Teenagers are very fragile because of their hormonal changes, body changes and peer to peer issues. Be sure that you maintain and build trust with your teenager by always keeping your promises. Do your best to not make any promises unless you know for sure that they’ll be kept. Even the smallest promise broken during this stage in parenthood can be detrimental to your ability to be trusted in the future by your teenager. The key to keeping promises is to think ahead of the possibilities before committing to making a promise. Be certain the promise is something that is reasonable and able to be provided regardless of financial hardship or other things getting in the way of keeping this promise.

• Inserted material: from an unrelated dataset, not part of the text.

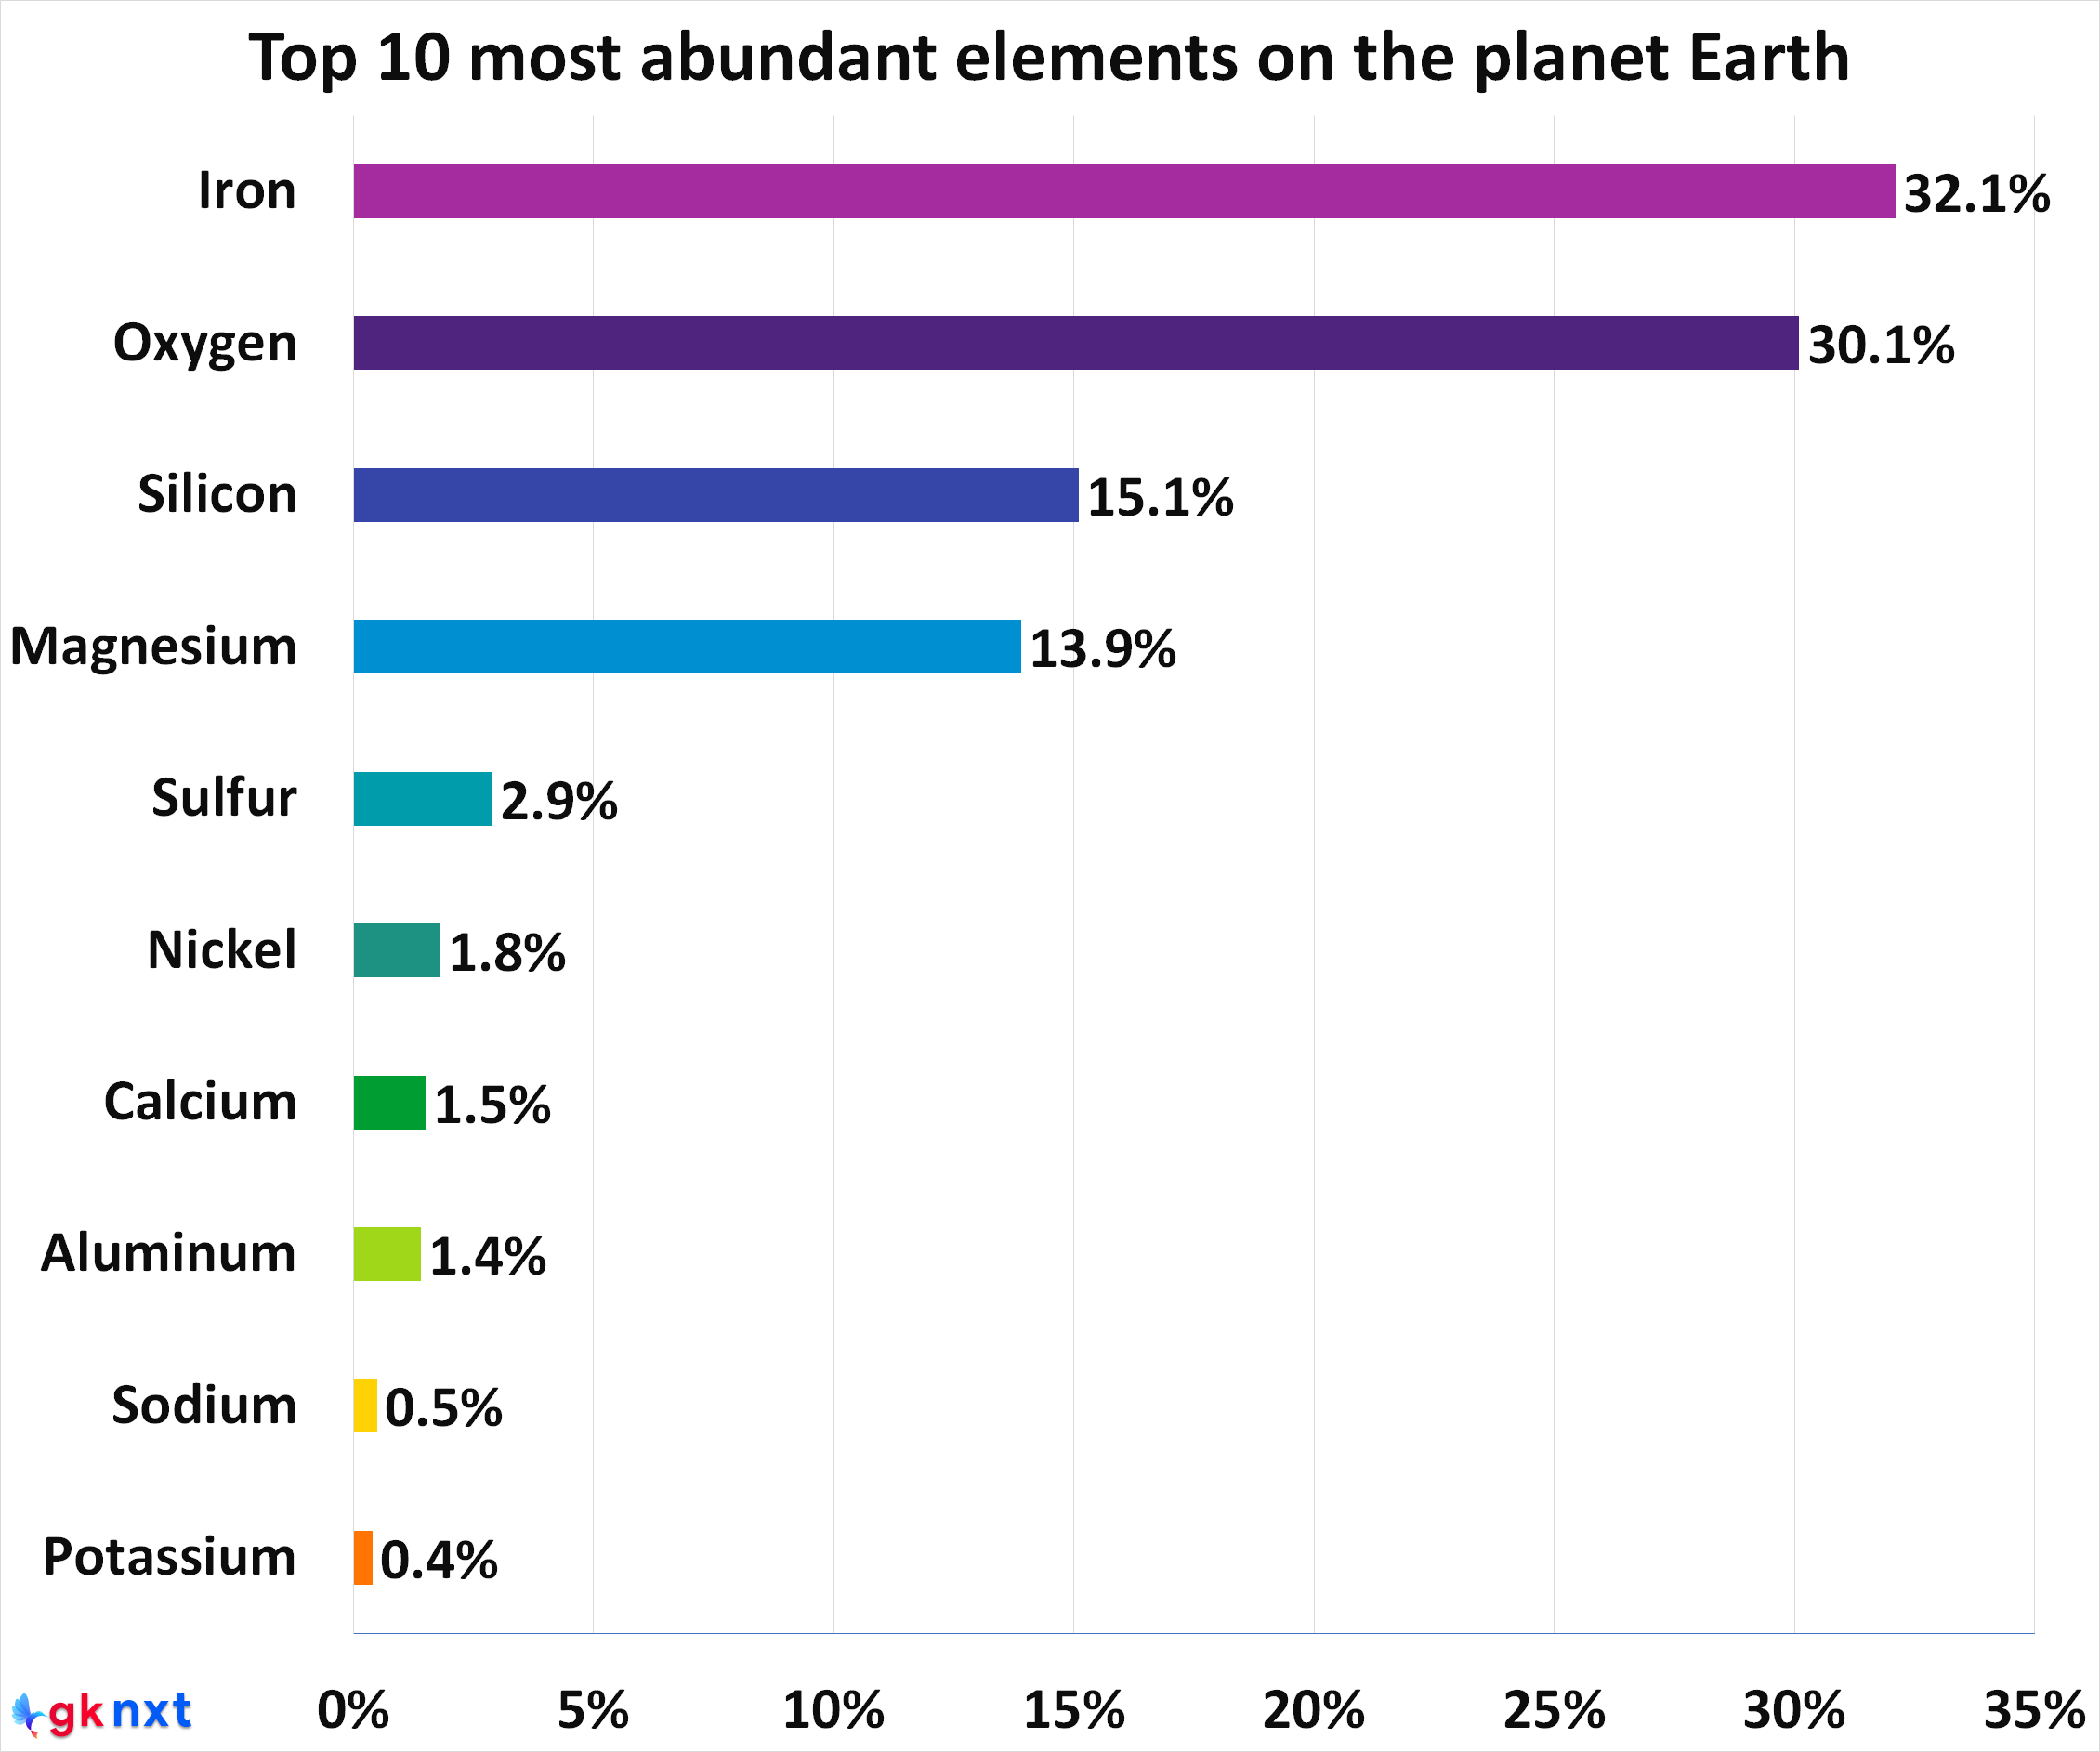 Top 10 most abundant elements on Earth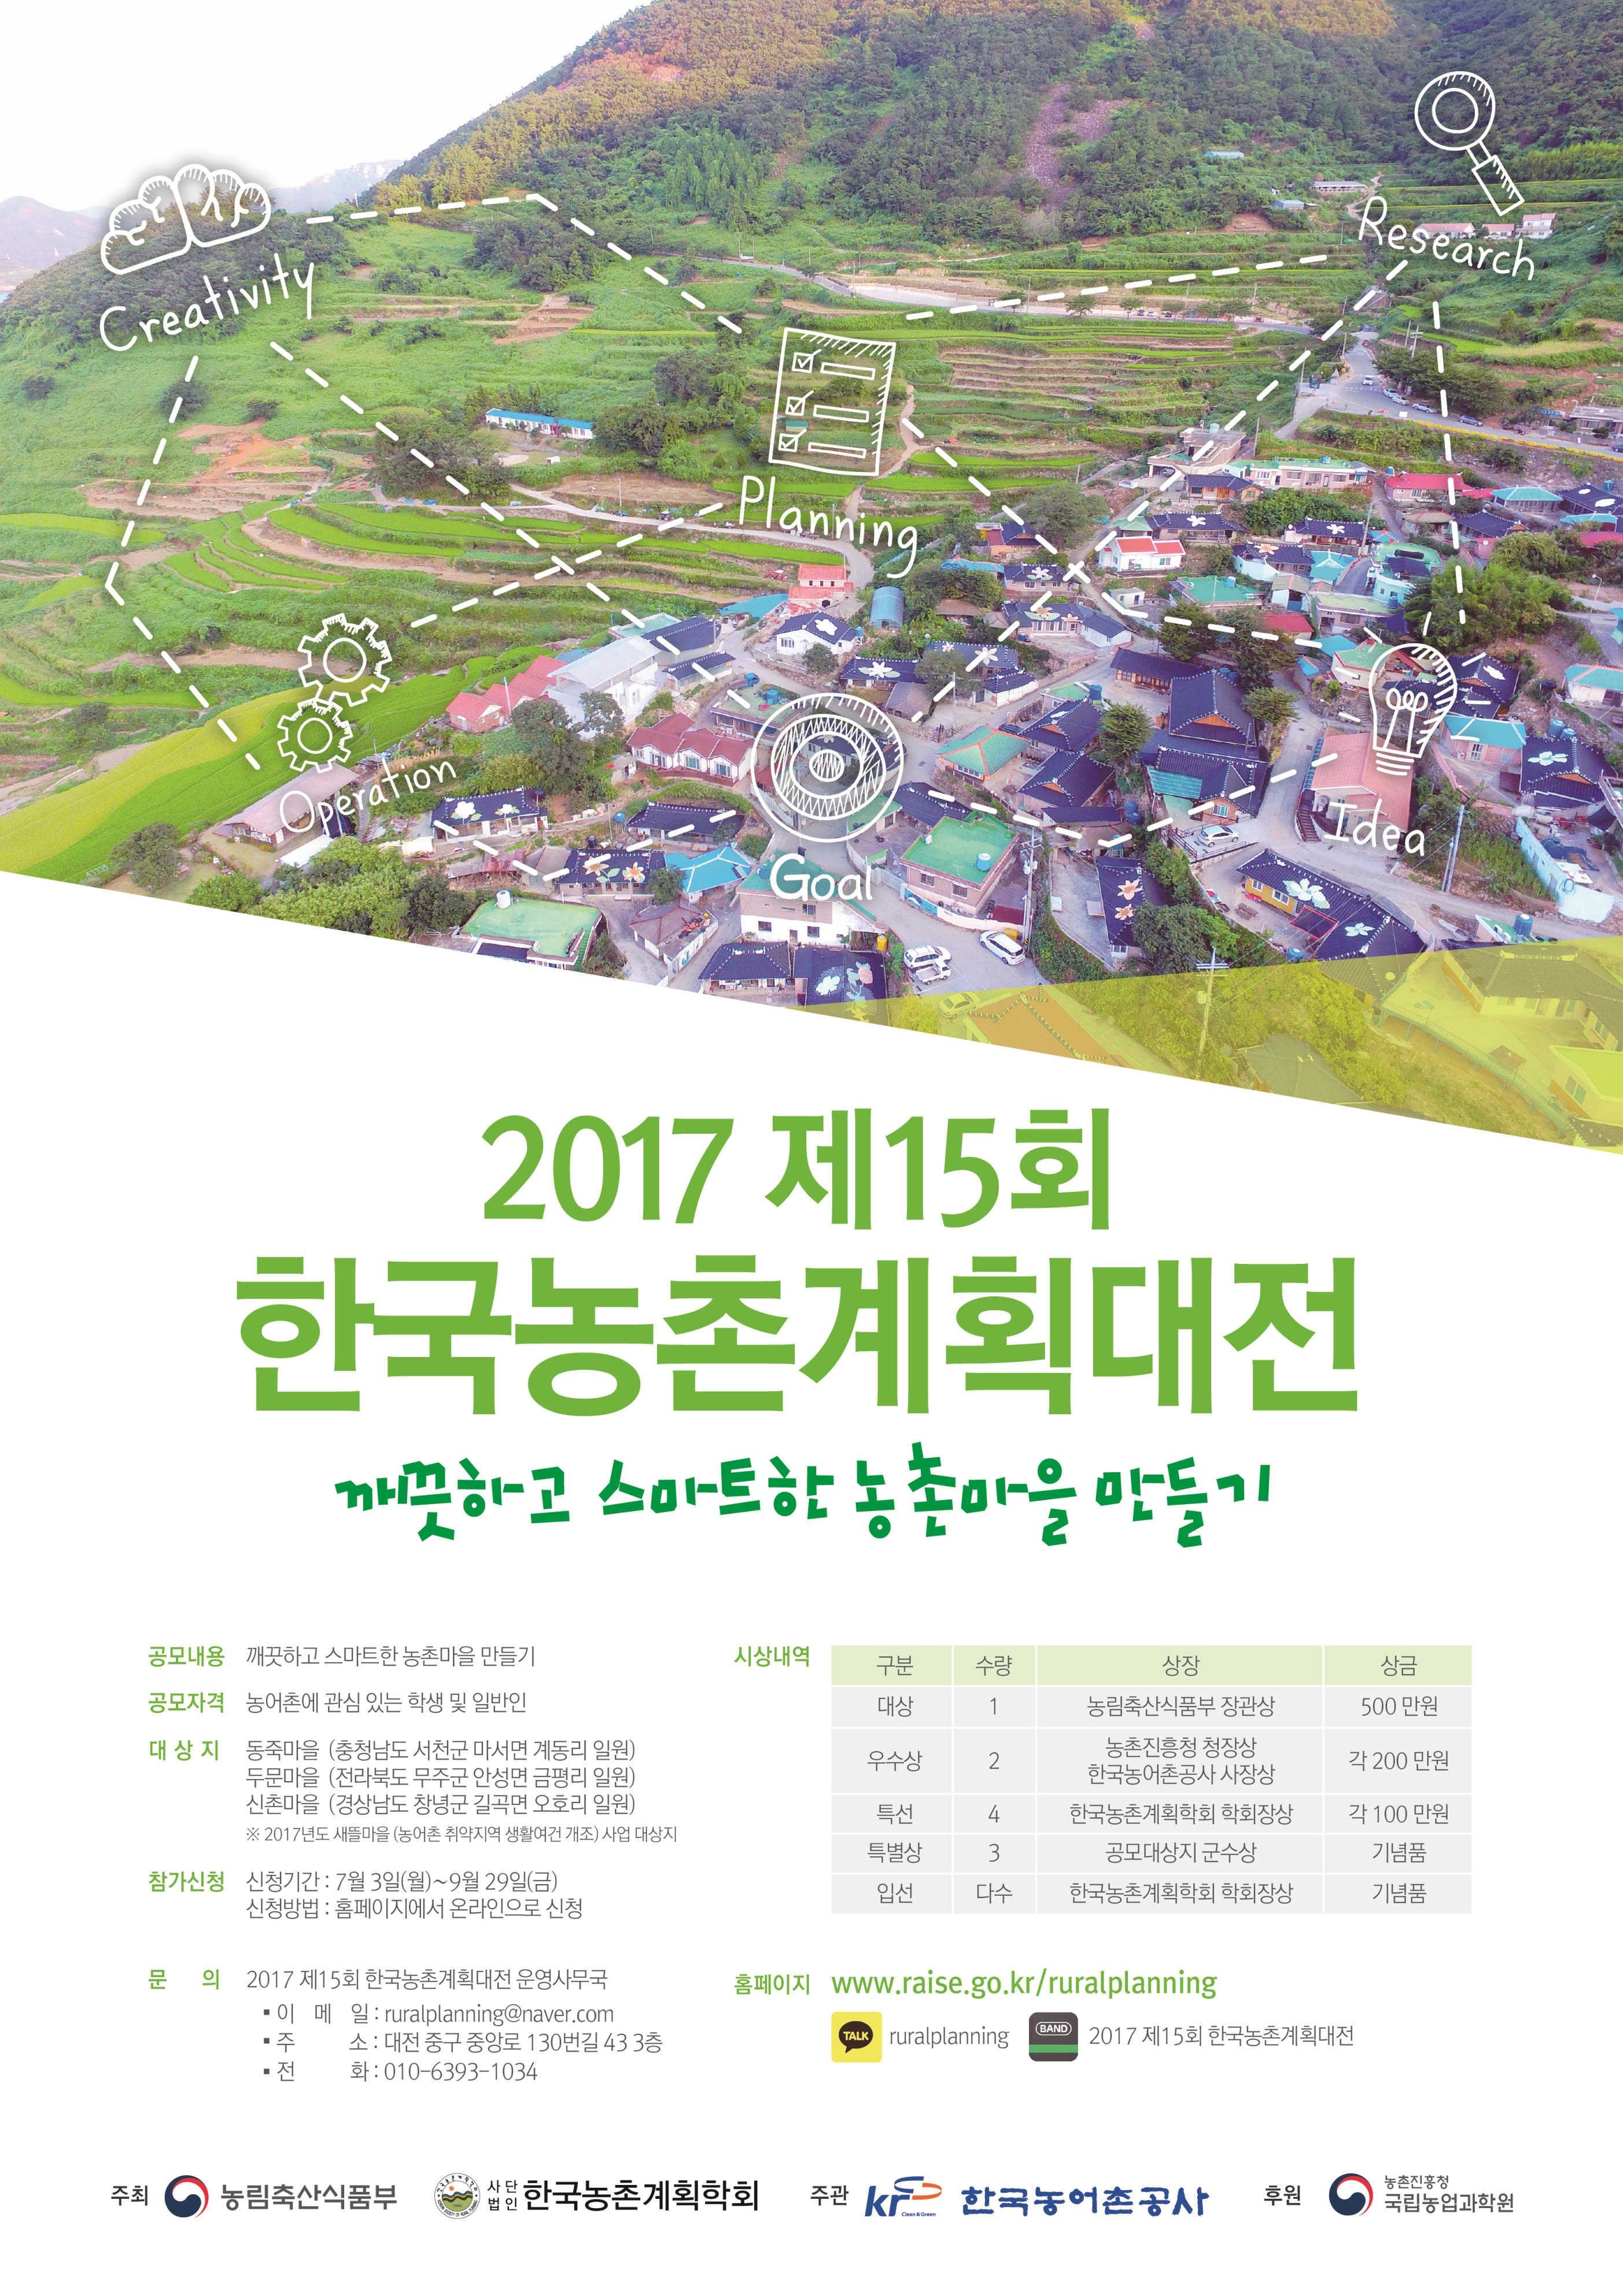 You are currently viewing [농림축산식품부] 한국농촌계획대전 “깨끗하고 스마트한 농촌마을 만들기”

It will be easy to get caught up in an argument with your teenager. They are very headstrong and stubborn at this age. They will have their own personal beliefs and start to stray slightly from being connected with you in their way of thinking. Arguing with your teenager will break the bond of trust if the arguing goes too far. When you start to argue with your teenager, it can quickly escalate to parental threats of losing privileges and so on. If you try your best to avoid arguments by speaking kindly, breathing before saying something out loud and practicing the art of good debate skills, your teenager will start to trust you more as they won't be afraid of you starting an argument when they express their thoughts or feelings.
The last tips to build trust with you teenager is about boundaries. Now that you’re raising a teenager and you’re hoping to build trust with your teenager, it’s time to set some boundaries. Your child is now nearing the adult stage of their life, which means they should be allotted a bit of lead way in their own decision-making skills. Sure you still have to set some rules and consequences, because they are still a minor child. You also have to be sure they are aware of your rules, morals, and beliefs in how they should behave and what things they are allowed to do as a teenager. When you take the time to establish some boundaries, it helps to build trust with your teenager. Some parents opt to make a commitment to never enter their teenager’s bedroom unless there’s a legitimate reason to enter or they were invited. Think of some boundaries that will work to help your teenager feel they can trust you and have space while still maintaining your role as their parent.
These tips to build trust with your teenager should surely inspire you to start working on this relationship today. There are many reasons you want to build trust with your teenager, the biggest one being that it’s a scary world out there in today’s society, you want to feel confident as a parent that your teenager will confide in you when times get tough.